Editing Maximum principle (section)

===Summary of proof===
Let {{mvar|M}} be an open subset of Euclidean space. Let <math>u:M\to\mathbb{R}</math> be a twice-differentiable function which attains its maximum value {{mvar|C}}. Suppose that
:<math>a_{ij}\frac{\partial^2u}{\partial x^i\,\partial x^j}+b_i\frac{\partial u}{\partial x^i}\geq 0.</math>

Suppose that one can find (or prove the existence of):
* a compact subset {{mvar|Ω}} of {{mvar|M}}, with nonempty interior, such that {{math|''u''(''x'') < ''C''}} for all {{mvar|x}} in the interior of {{mvar|Ω}}, and such that there exists {{math|''x''<sub>0</sub>}} on the boundary of {{mvar|Ω}} with {{math|''u''(''x''<sub>0</sub>) {{=}} ''C''}}.

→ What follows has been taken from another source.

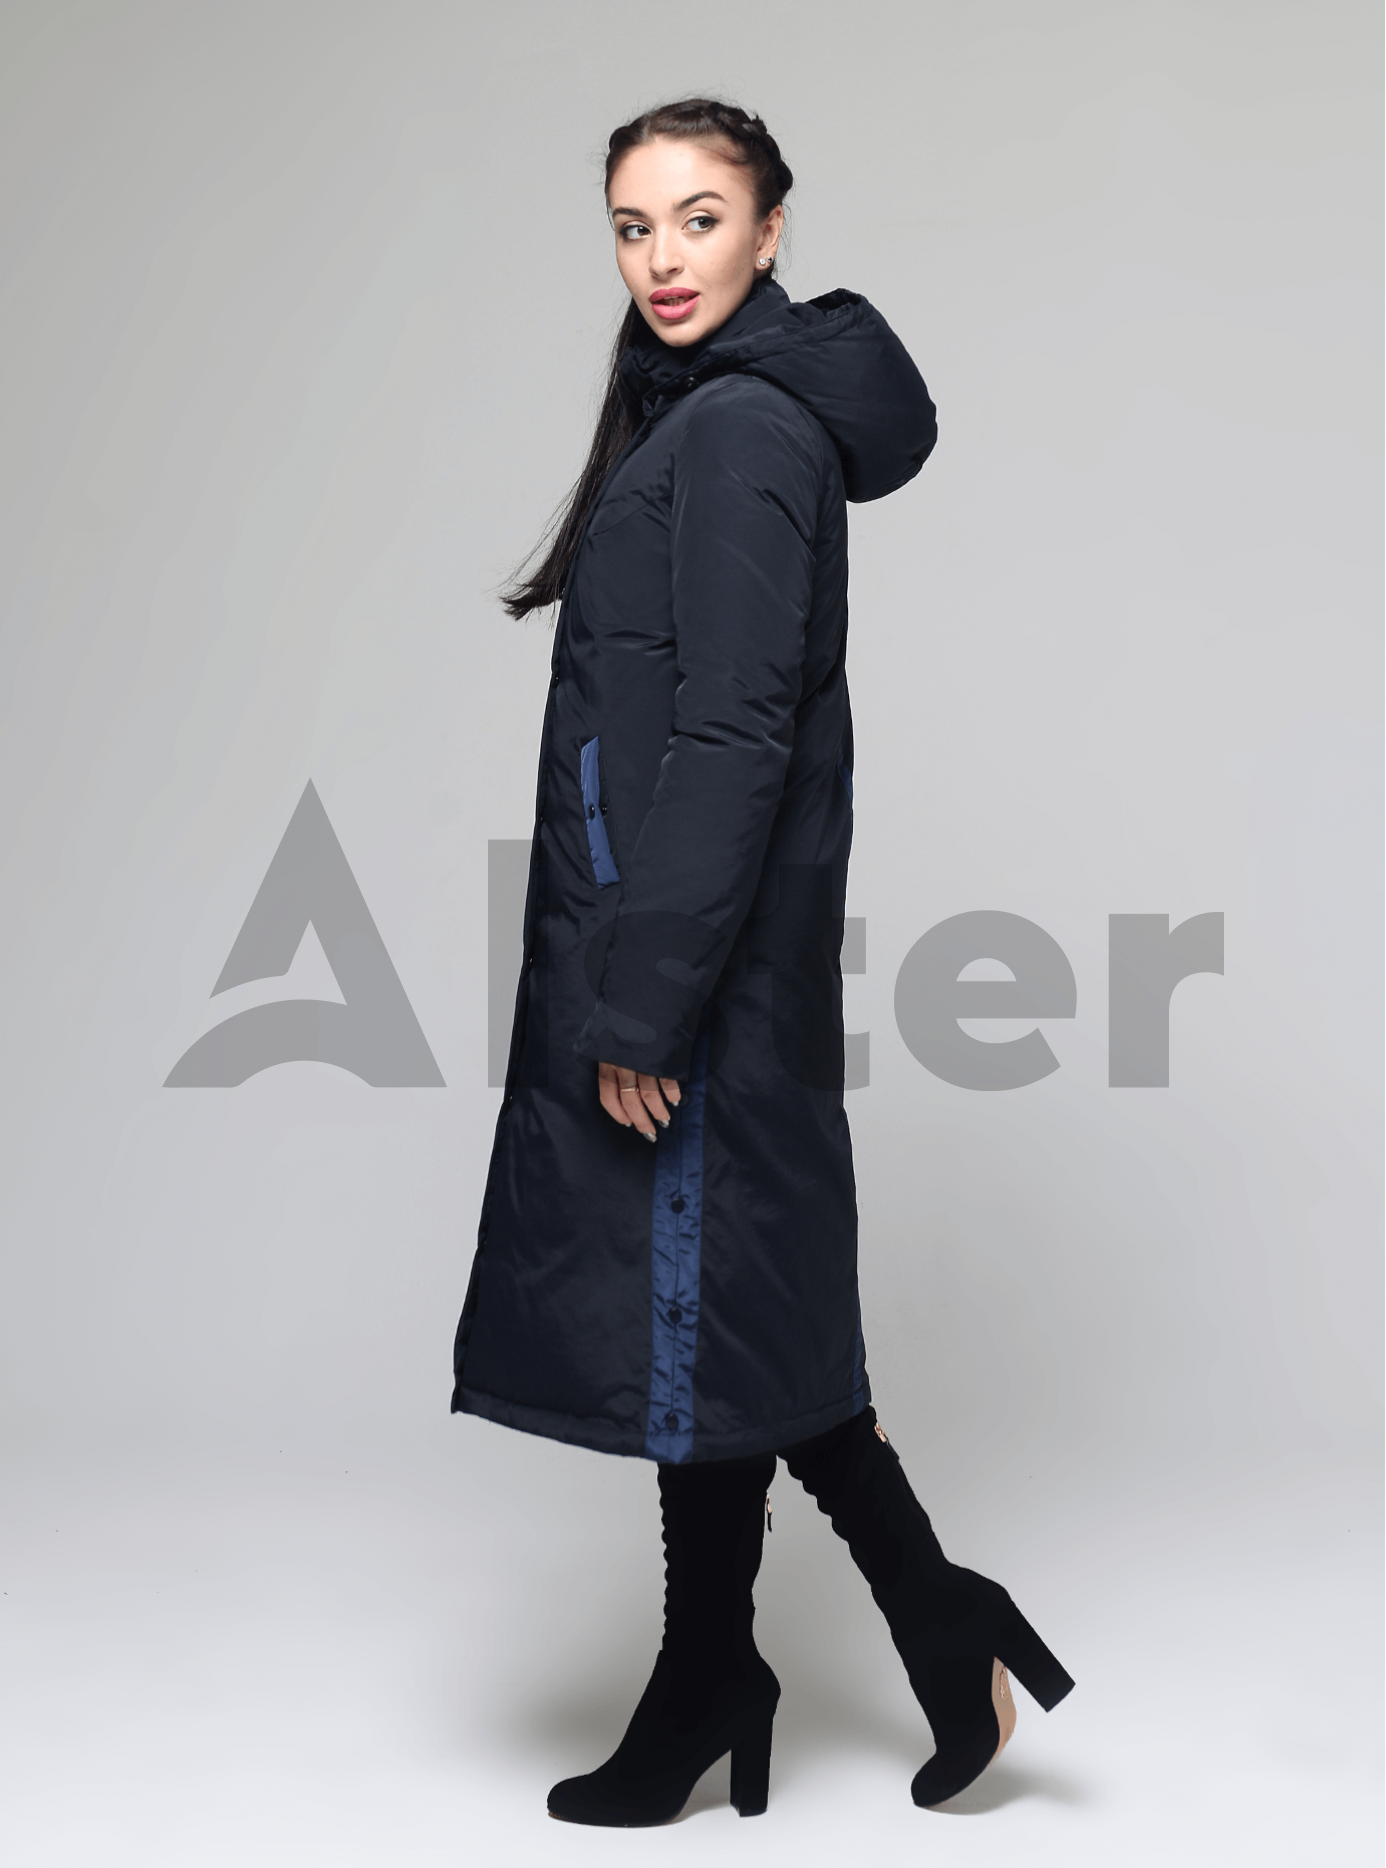 Пуховик зимний прямой с капюшоном Тёмно-синий S (04-CC19041): фото - Alster.ua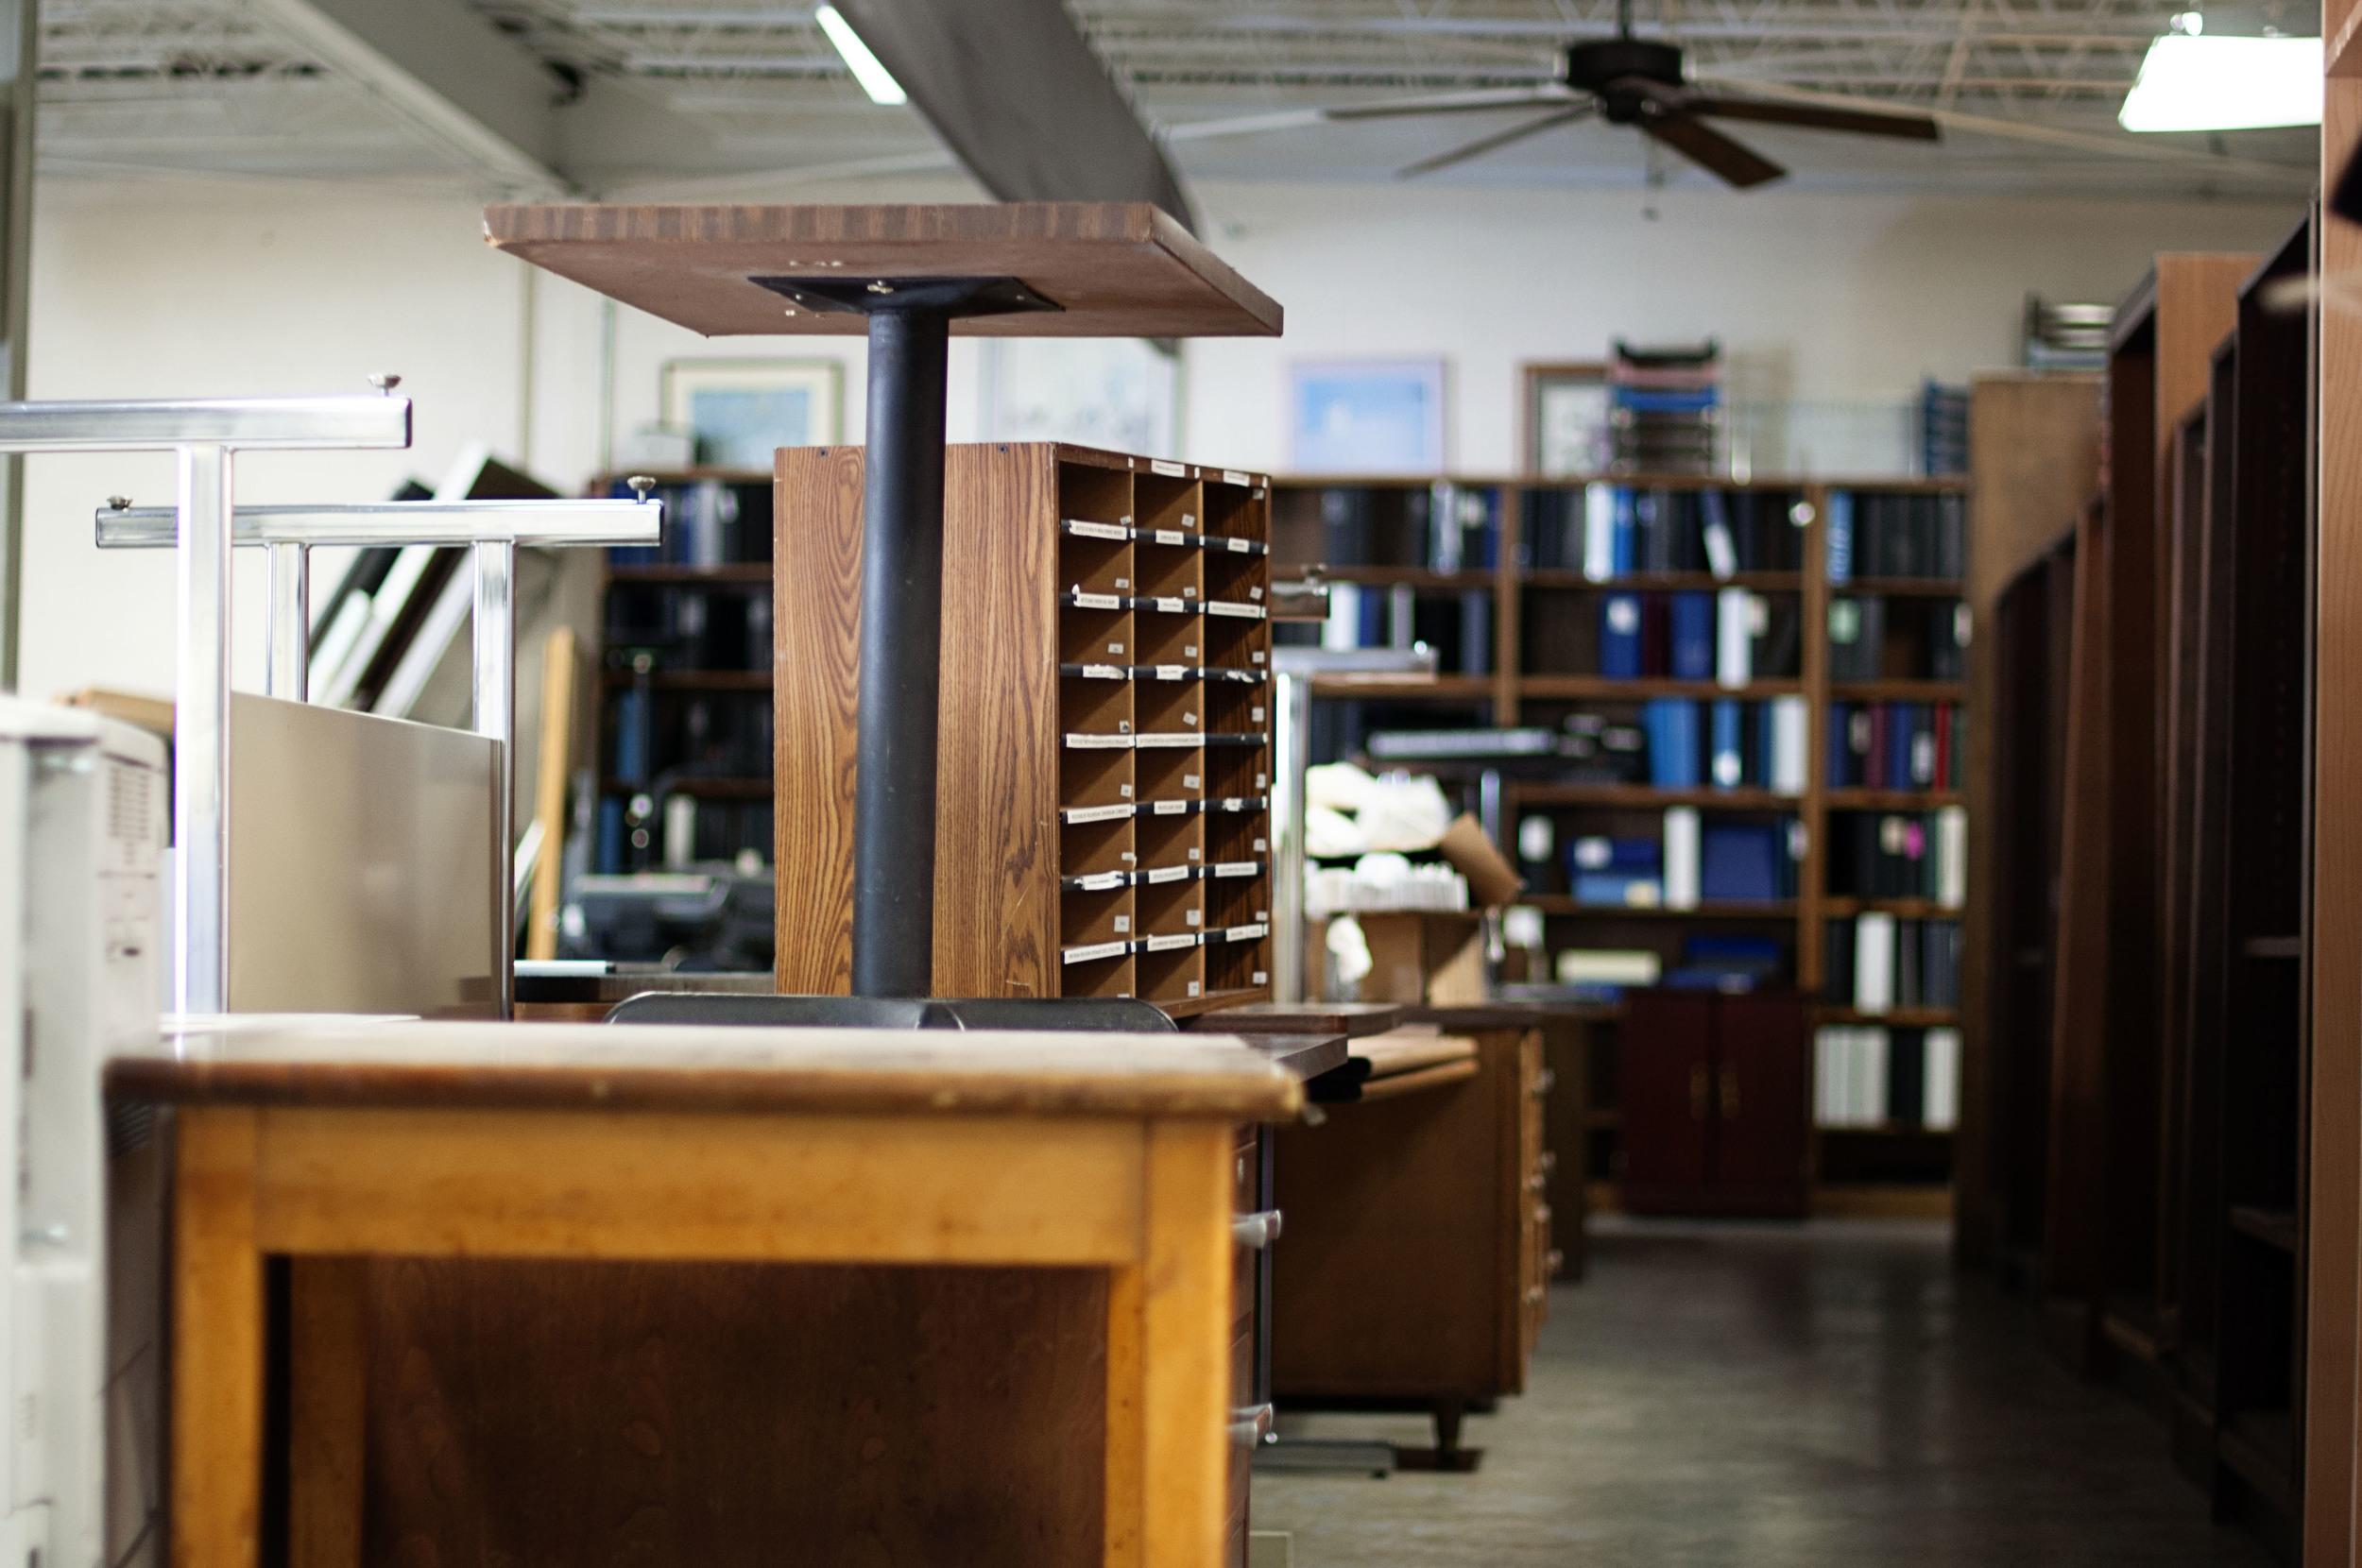 University of North Carolina - Chapel Hill Surplus Store, NC

* a continuous function <math>h:\Omega\to\mathbb{R}</math> which is twice-differentiable on the interior of {{mvar|Ω}} and with
::<math>a_{ij}\frac{\partial^2h}{\partial x^i\,\partial x^j}+b_i\frac{\partial h}{\partial x^i}\geq 0,</math>
: and such that one has {{math|''u'' + ''h'' ≤ ''C''}} on the boundary of {{mvar|Ω}} with {{math|''h''(''x''<sub>0</sub>) {{=}} 0}}
Then {{math|''L''(''u'' + ''h'' − ''C'') ≥ 0}} on {{mvar|Ω}} with {{math|''u'' + ''h'' − ''C'' ≤ 0}} on the boundary of {{mvar|Ω}}; according to the weak maximum principle, one has {{math|''u'' + ''h'' − ''C'' ≤ 0}} on {{mvar|Ω}}. This can be reorganized to say
:<math>-\frac{u(x)-u(x_0)}{|x-x_0|}\geq \frac{h(x)-h(x_0)}{|x-x_0|}</math>
for all {{mvar|x}} in {{mvar|Ω}}. If one can make the choice of {{mvar|h}} so that the right-hand side has a manifestly positive nature, then this will provide a contradiction to the fact that {{math|''x''<sub>0</sub>}} is a maximum point of {{mvar|u}} on {{mvar|M}}, so that its gradient must vanish.